Center for Regenerative Medicine of Boston University and Boston Medical Center, Boston, MA 02118, USA; The Pulmonary Center and Department of Medicine, Boston University School of Medicine, Boston, MA 02118, USA.
Center for Regenerative Medicine of Boston University and Boston Medical Center, Boston, MA 02118, USA.
Stem Cell Reports. 2018 May 8;10(5):1579-1595. doi: 10.1016/j.stemcr.2018.03.013. Epub 2018 Apr 12.
Lung epithelial lineages have been difficult to maintain in pure form in vitro, and lineage-specific reporters have proven invaluable for monitoring their emergence from cultured pluripotent stem cells (PSCs). However, reporter constructs for tracking proximal airway lineages generated from PSCs have not been previously available, limiting the characterization of these cells. Here, we engineer mouse and human PSC lines carrying airway secretory lineage reporters that facilitate the tracking, purification, and profiling of this lung subtype. Through bulk and single-cell-based global transcriptomic profiling, we find PSC-derived airway secretory cells are susceptible to phenotypic plasticity exemplified by the tendency to co-express both a proximal airway secretory program as well as an alveolar type 2 cell program, which can be minimized by inhibiting endogenous Wnt signaling. Our results provide global profiles of engineered lung cell fates, a guide for improving their directed differentiation, and a human model of the developing airway.

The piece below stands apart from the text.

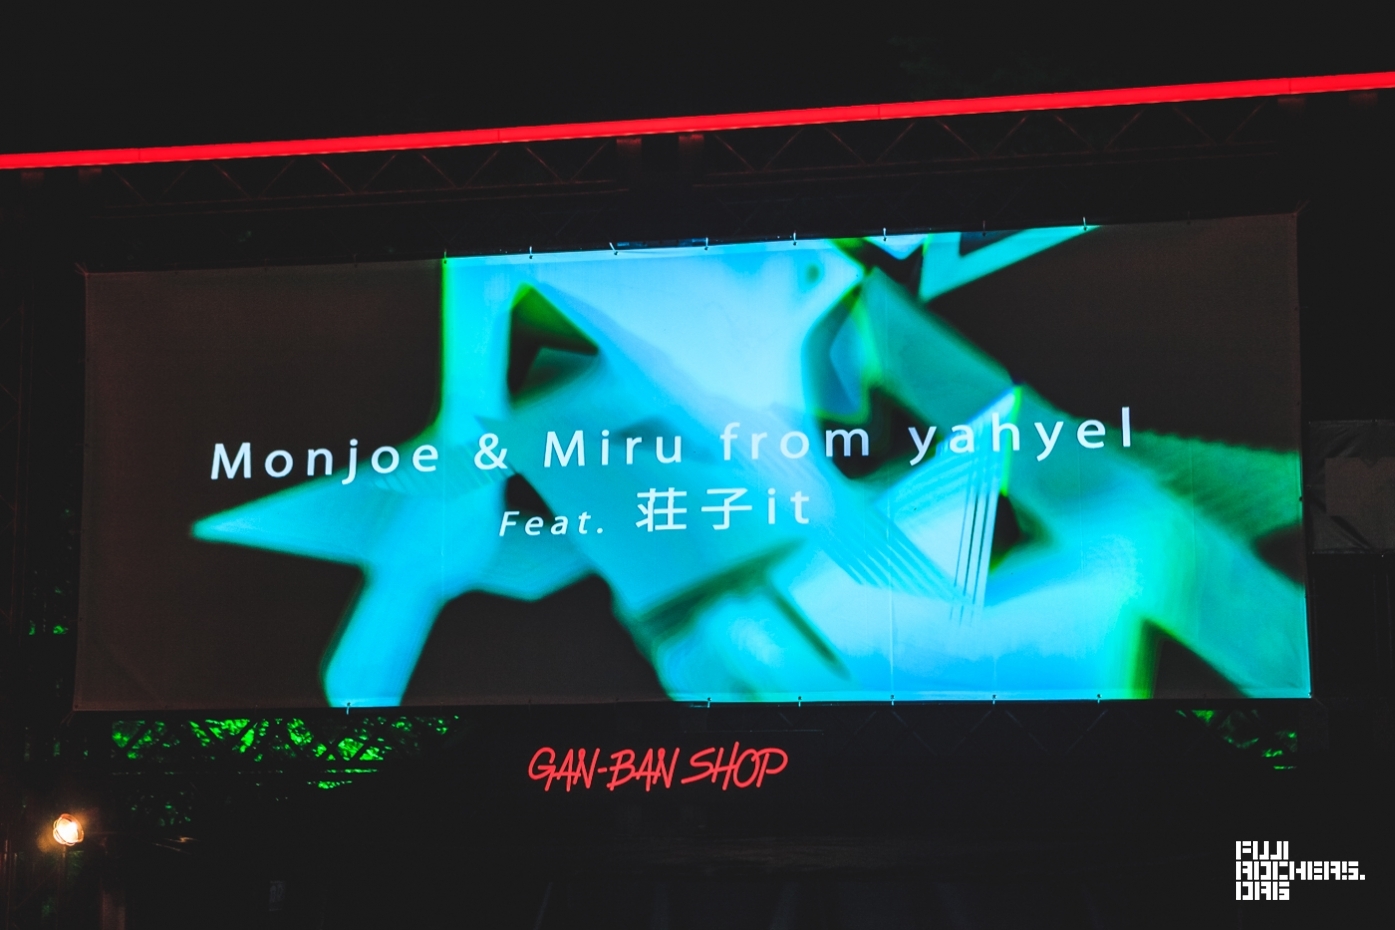 Monjoe & Miru from yahyel  Feat. 荘子it

肺上皮谱系在体外很难以纯形式维持,谱系特异性报告基因已被证明对于监测其从培养的多能干细胞 (PSC) 中出现非常有价值。然而,以前没有用于跟踪源自 PSC 的近端气道谱系的报告基因构建体,限制了对这些细胞的表征。在这里,我们构建了携带气道分泌谱系报告基因的小鼠和人类 PSC 系,这些报告基因有助于这些肺亚型的跟踪、纯化和分析。通过批量和单细胞全转录组谱分析,我们发现 PSC 衍生的气道分泌细胞易受表型可塑性的影响,例如倾向于同时表达近端气道分泌程序和肺泡 2 型细胞程序,通过抑制内源性 Wnt 信号可以最小化这种情况。我们的研究结果提供了工程化肺细胞命运的全局图谱,为改善其定向分化提供了指导,并为发育中的气道提供了人类模型。